A few good trims and grow out and the front rows will be up to snuff at least. I need to grow out the Ammannia more in the rear, but the R macrandra is coming along well, the older lower leaves are pretty pale, but a few trims later, they will be all red and make a nice mid wall in the back there.

One trick is to allow the plants to grow up and hit the surface for about a week or so, then replant. I have not yet done this with this tank, but plan to later.

The Downoi is making a come back, all I had were trimmed off bottom stumps, so it's come a long long way and will fill in decently.

Some of the other plants will grow in nicely and I've found using a turkey baster works well to clean the Erio cinreums' middle parts and keep those cleaner.

I am pondering adding the Red serpae tetras to this tank and moving the Rainbows.

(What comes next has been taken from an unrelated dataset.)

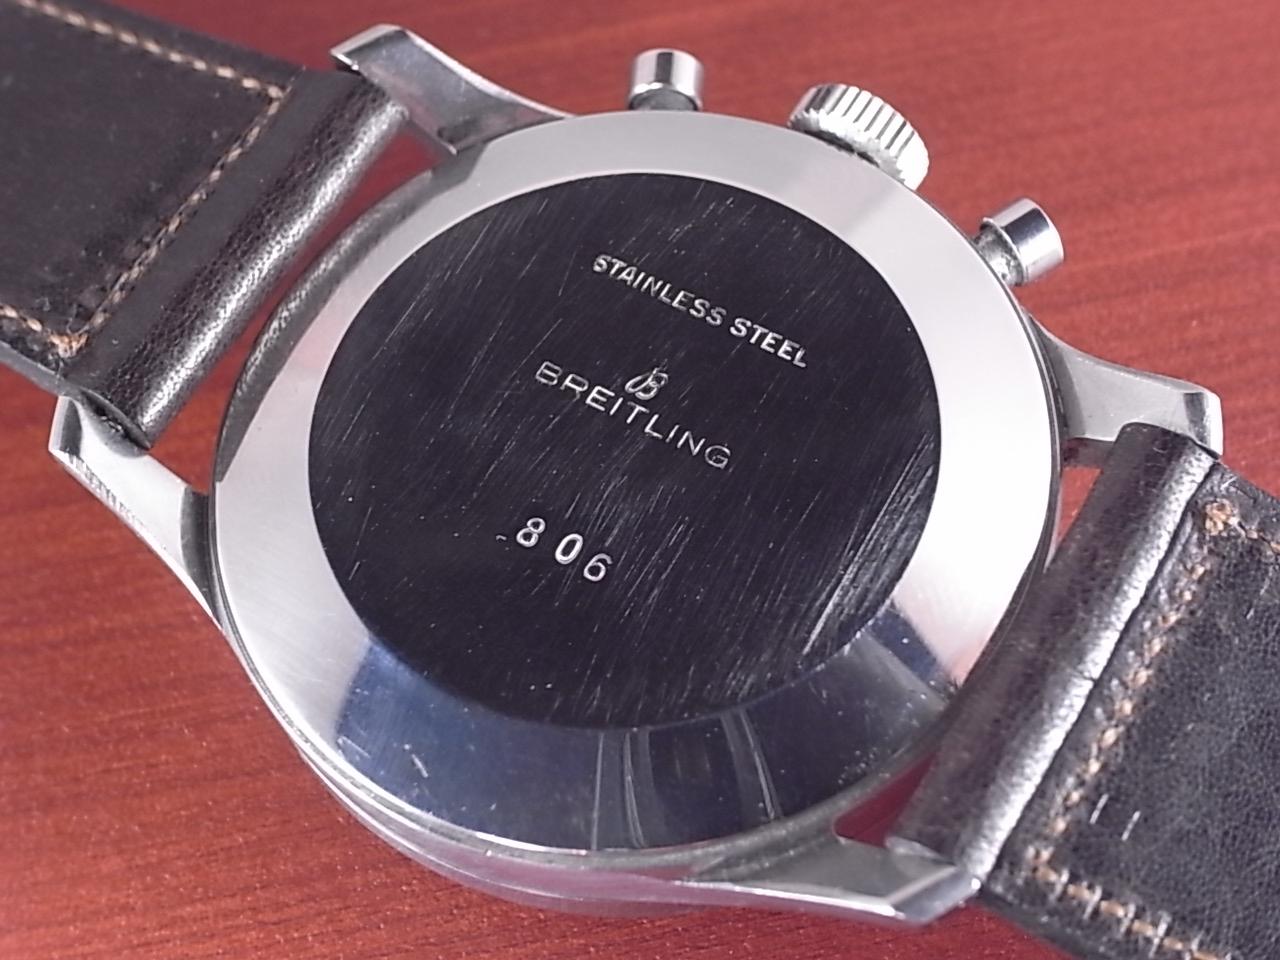 ブライトリング ナビタイマー ファースト Ref.806 ヴィーナス178 1950年代の写真4枚目

The tetras will eat the smaller shrimp for sure though, which I thought the rainbows would, but..they have not yet.

You can see part of the wall of Red macrandra and where I am going with this idea.


----------



## crazy72 (Apr 22, 2010)

This looks amazing. Whatever fish go in here will be happy fish!


----------



## plantbrain (May 12, 2010)

crazy72 said:


> This looks amazing. Whatever fish go in here will be happy fish!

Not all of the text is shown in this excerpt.